NEW YORK ( TheStreet) -- Citigroup ( C), Wells Fargo ( WFC) and Capital One Financial ( COF) have agreed to expand their policies on "clawbacks" in the event of misconduct that causes financial or reputational harm, the New York City Comptroller John C. Liu said Thursday.

All three banks adopted new policies that allow their boards of directors to recover or "claw back" bonuses from executives who are responsible for misconduct that causes serious financial or reputational harm to the company. Previously, the directors could claw back pay only in the event of fraud or gross negligence or in the event of a financial restatement.

The banks also agreed to improve their disclosure of clawbacks. Capital One said it will disclose the total amount recovered in connection with any publicly disclosed event. Wells Fargo and Citigroup said they will consider disclosure on a case to case basis.

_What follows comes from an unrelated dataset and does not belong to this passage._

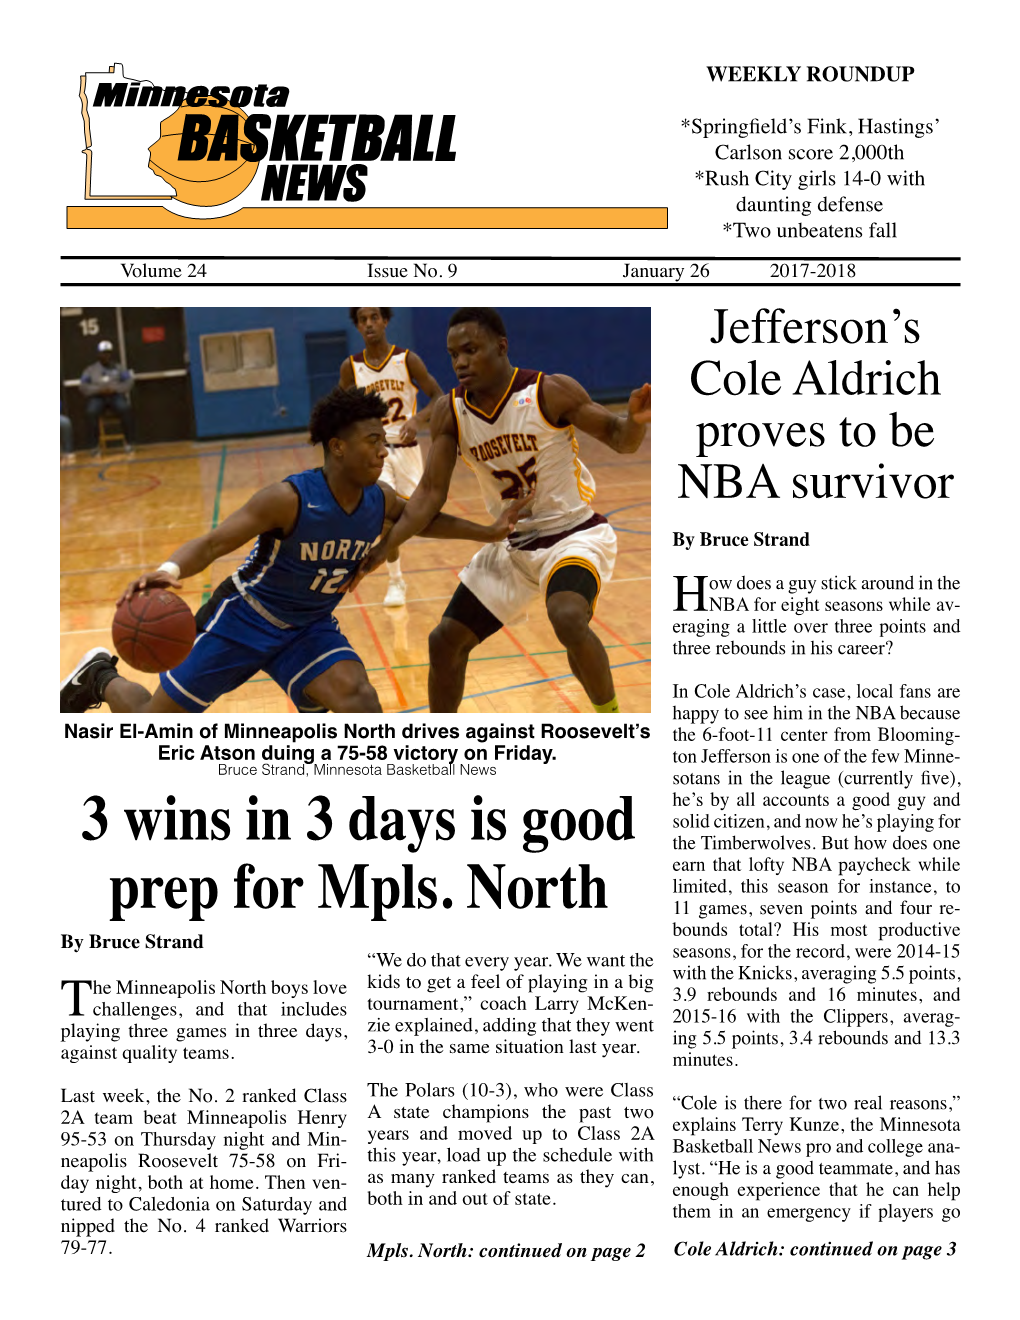 3 Wins in 3 Days Is Good Prep for Mpls. North

The agreements follow ones reached with JPMorgan Chase ( JPM), Goldman Sachs ( GS) and Morgan Stanley ( MS) in 2012, requiring the banks to clarify that their clawback policies covered not just employees but supervisors as well.

The Comptroller serves as the investment advisor to, custodian, and trustee of the New York City Pension Funds, which held a combined 20.8 million shares worth $867.59 million as of March 12.

The NYC Pension Funds and Comptroller Liu had filed shareowner proposals at the three banks, but withdrew them after the banks adopted significant changes to their current clawback policies.

Since the financial crisis and the passing of the Dodd Frank Act, most banks have said that they have implemented compensation policies that allow clawback of previous pay in the event of misconduct. Still, there have been few publicly reported cases of clawbacks.

The most high-profile example in recent times is JPMorgan's clawback of two years' worth of annual compensation from traders who were directly responsible for $6 billion in trading losses at the firm's chief investment office. The losses led the bank to amend its financial statements and was a black eye to its spotless reputation.

Swiss bank UBS ( UBS) was among the first to claw back bonuses after a $2 billion loss from a rogue trade.

But other banks have not really disclosed instances of clawbacks. One reason for fewer clawbacks has been that banks continue to face legal and practical challenges to implementing the policy unless it is a case of massive fraud or gross negligence where it is easier to identify blame.

The new clawback policies pushed by Liu aim at creating a tougher standard for compensation practices.

"Executives need to be held financially accountable for misconduct that harms the company, and that includes improper behavior and reckless risk-taking by those they manage," Comptroller Liu said in a statement. "This is a vital step toward reining in out-of-control executive pay based on short-term gains.